(SUPPLIED INFORMATION Opens)

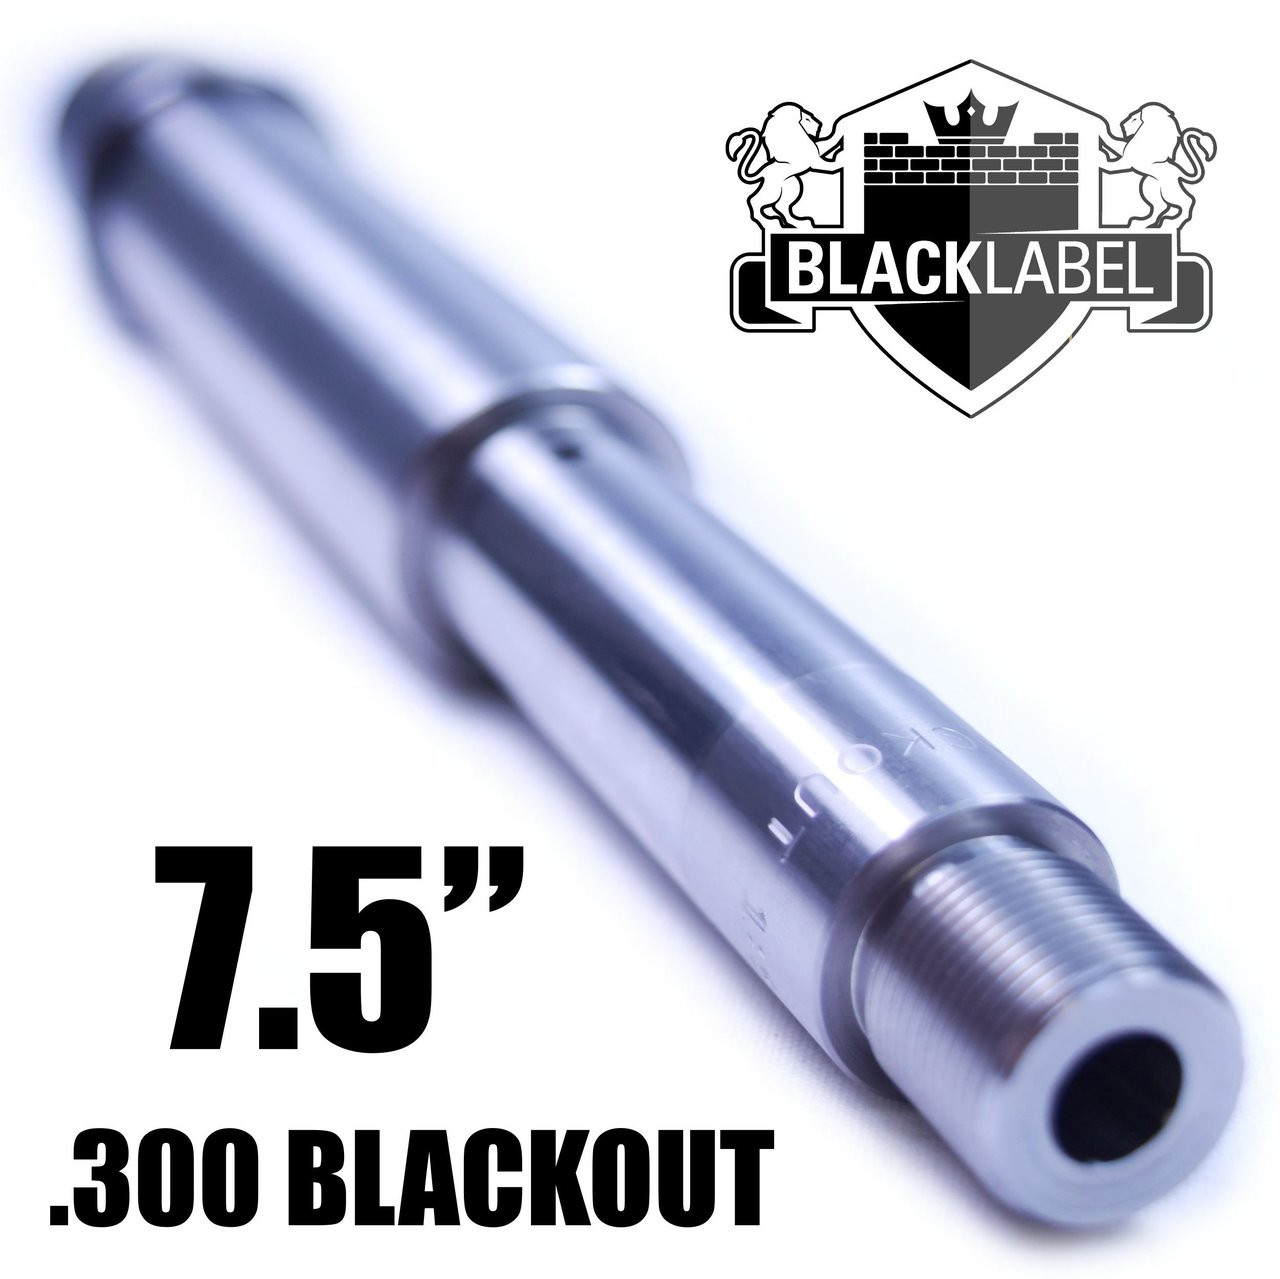 7.5" M4 Pistol/SBR Barrel 300 Blackout 1:8 Stainless Steel | 300AAC
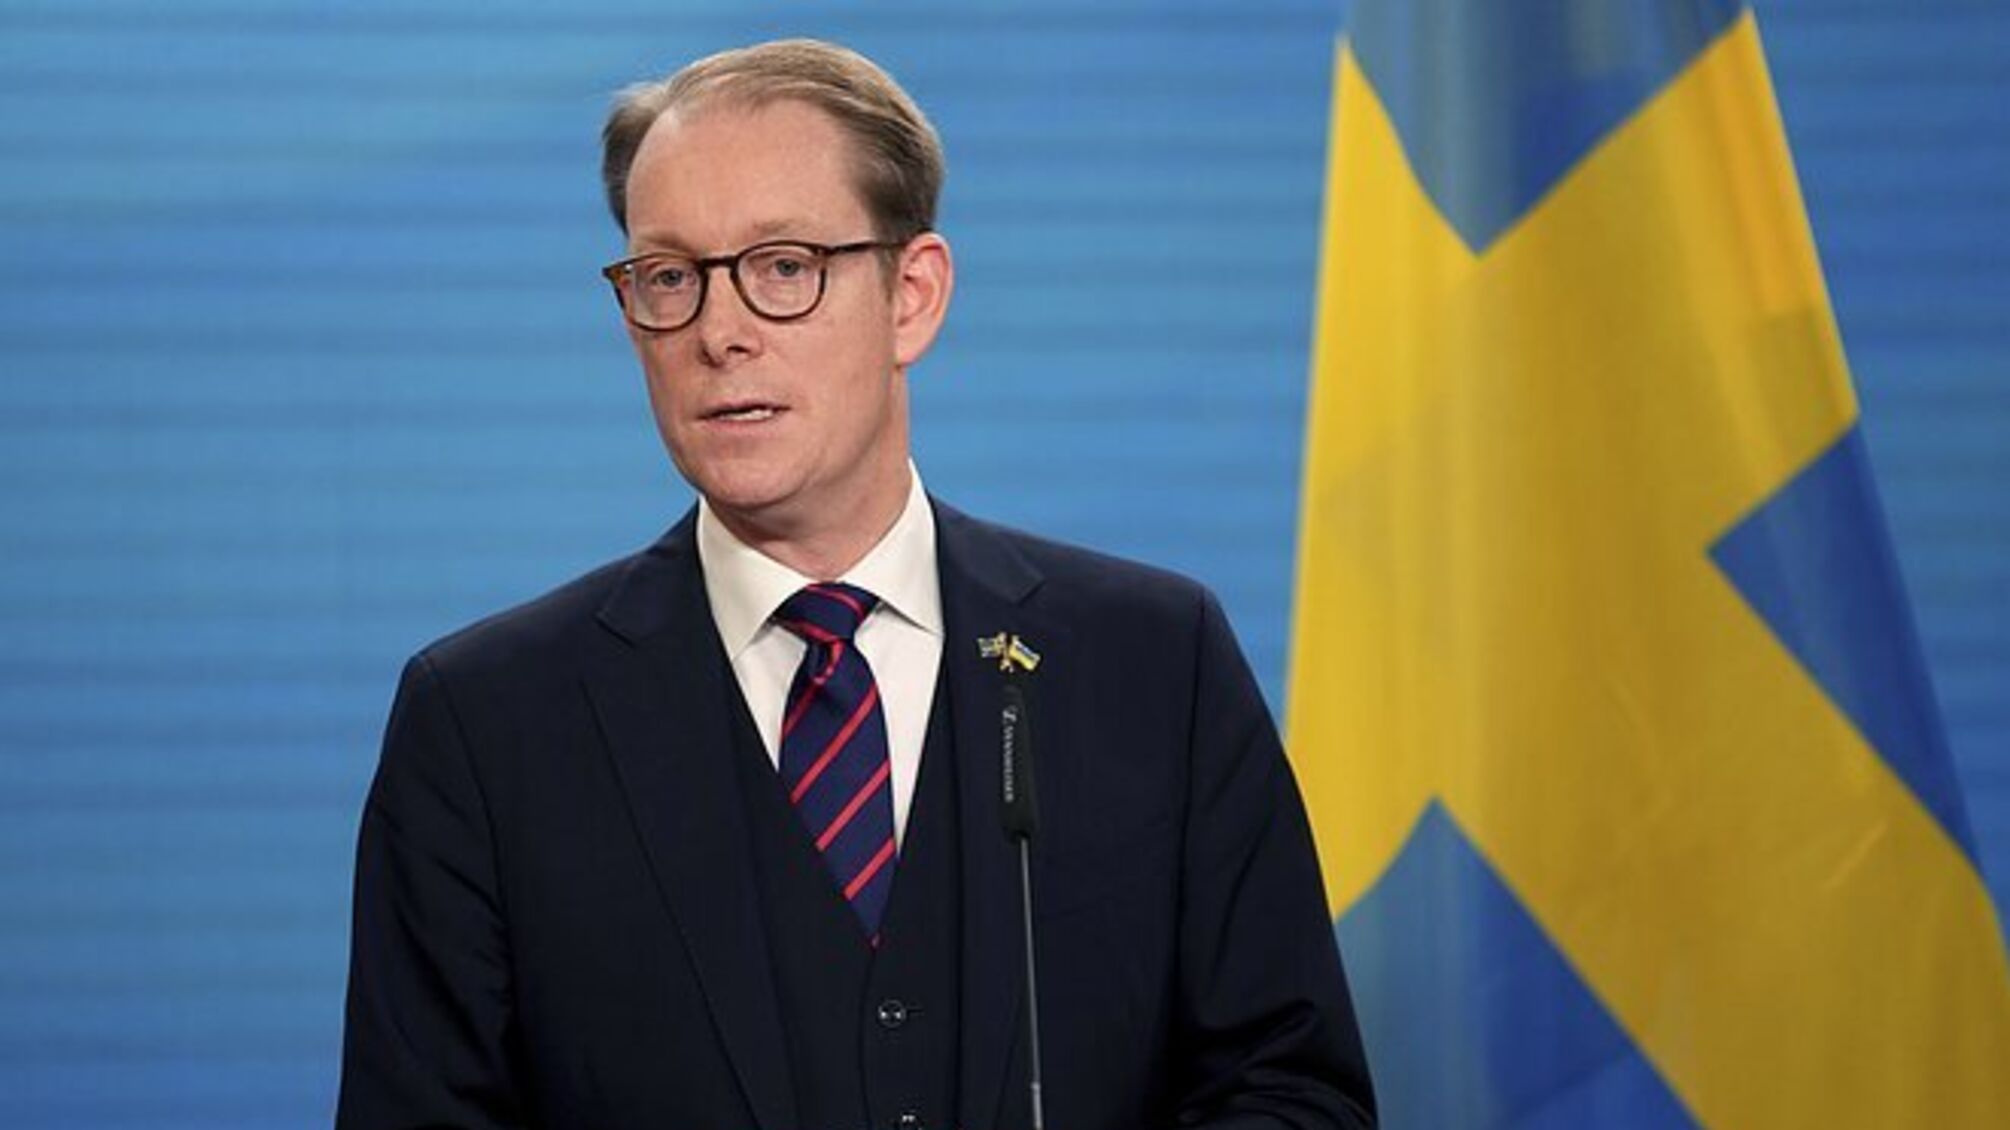 Швеция передает Украине крупнейший в истории отношений пакет военной помощи
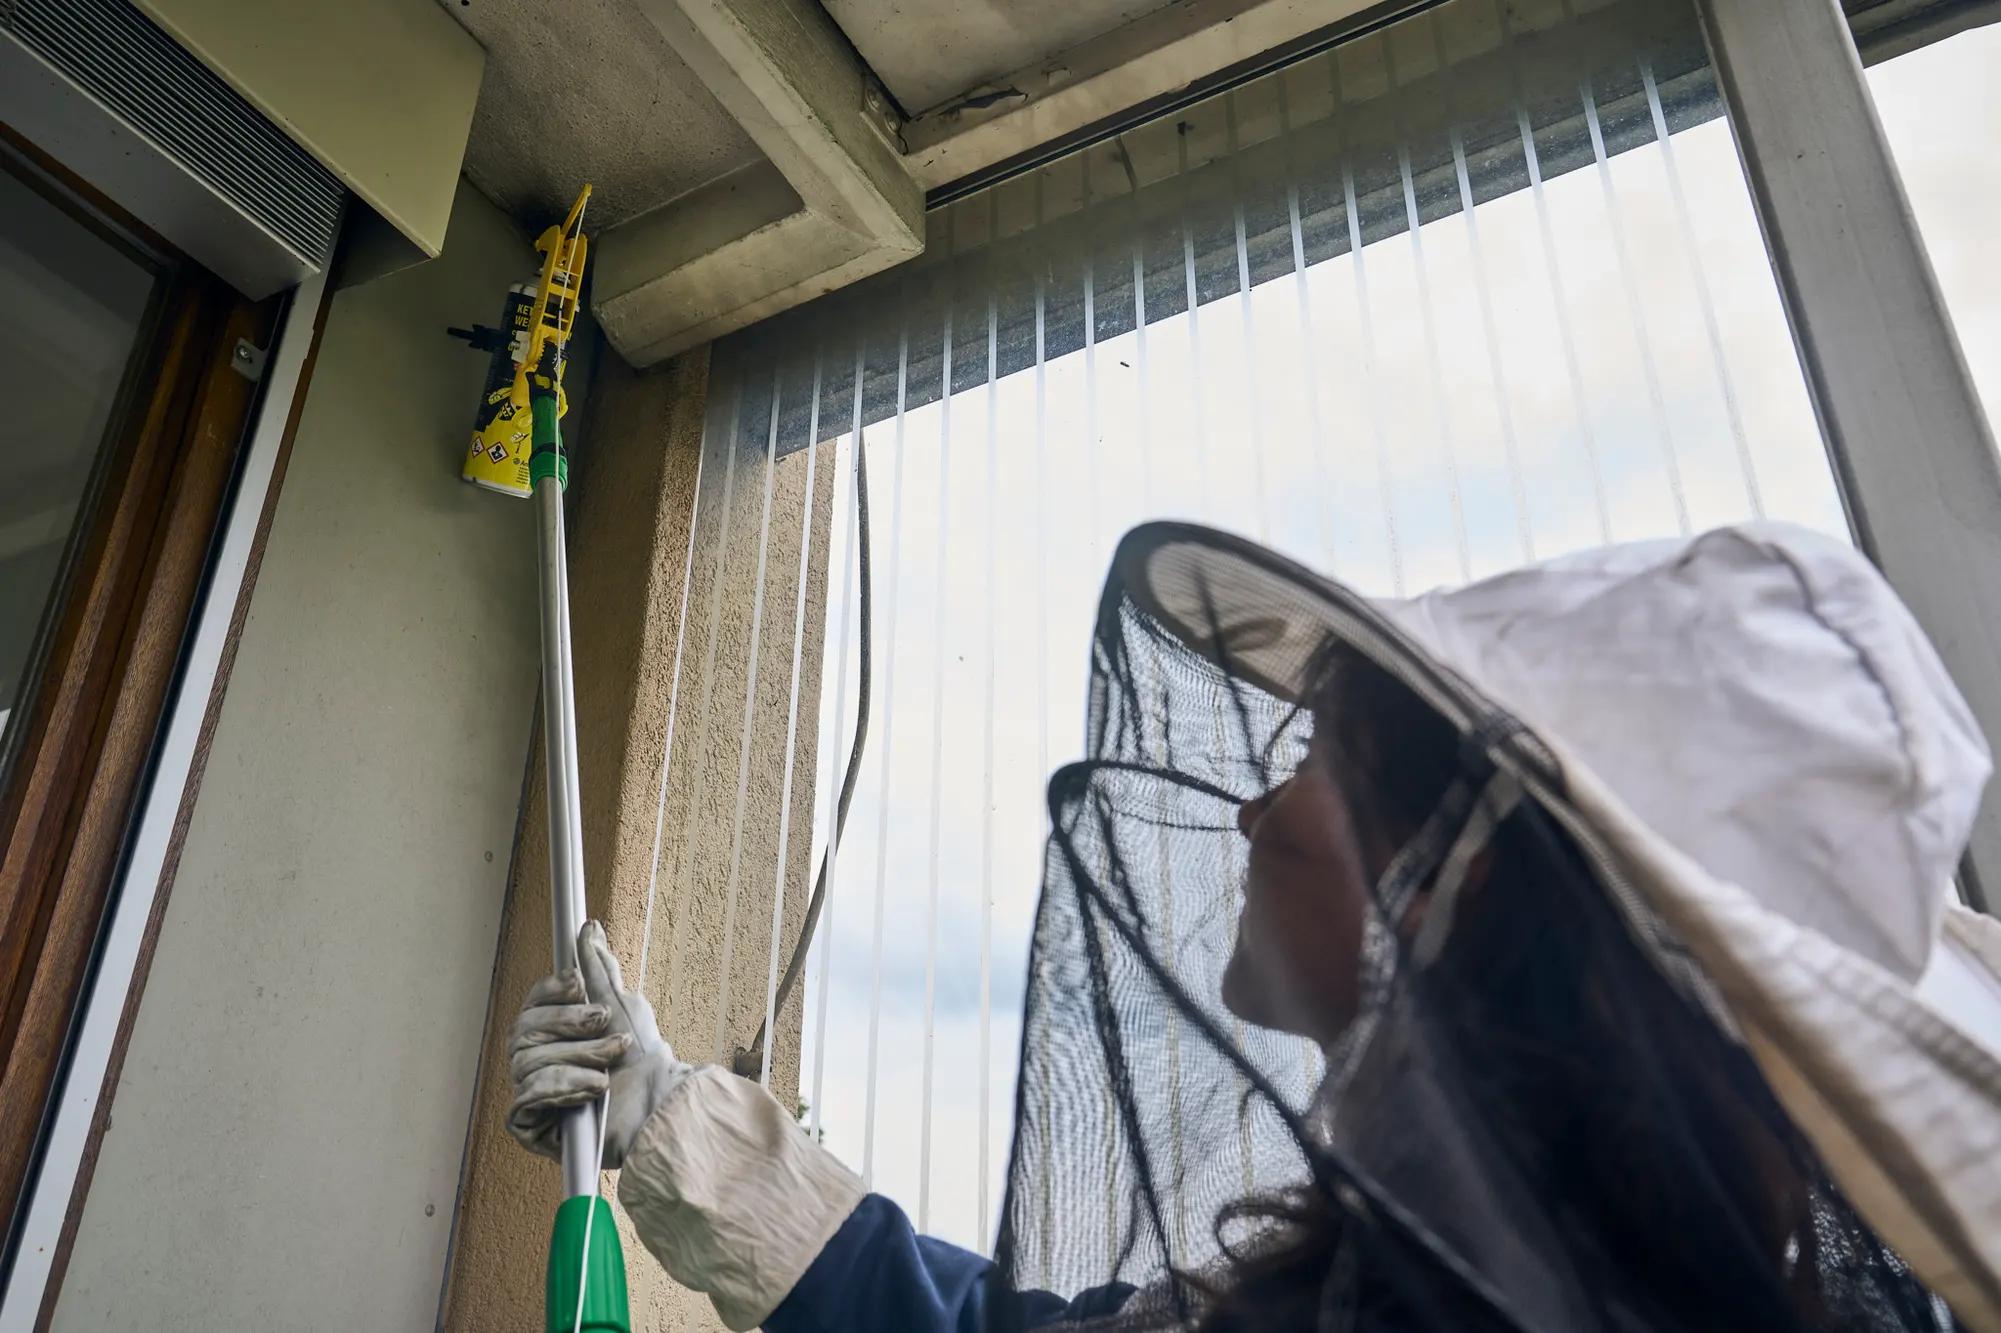 BaZ-Reporterin Vivana Zanetti setzt Insektizide gegen ein Wespennest ein. Bald ist der Boden von toten Wespen bedeckt. Foto von Lucia Hunziker.

(SUPPLIED INFORMATION Closes)

Repeat the data exactly, without the pictures.

§ RESPONSE:
 7.5" M4 Pistol/SBR Barrel 300 Blackout 1:8 Stainless Steel | 300AAC
 Швеция передает Украине крупнейший в истории отношений пакет военной помощи
 BaZ-Reporterin Vivana Zanetti setzt Insektizide gegen ein Wespennest ein. Bald ist der Boden von toten Wespen bedeckt. Foto von Lucia Hunziker.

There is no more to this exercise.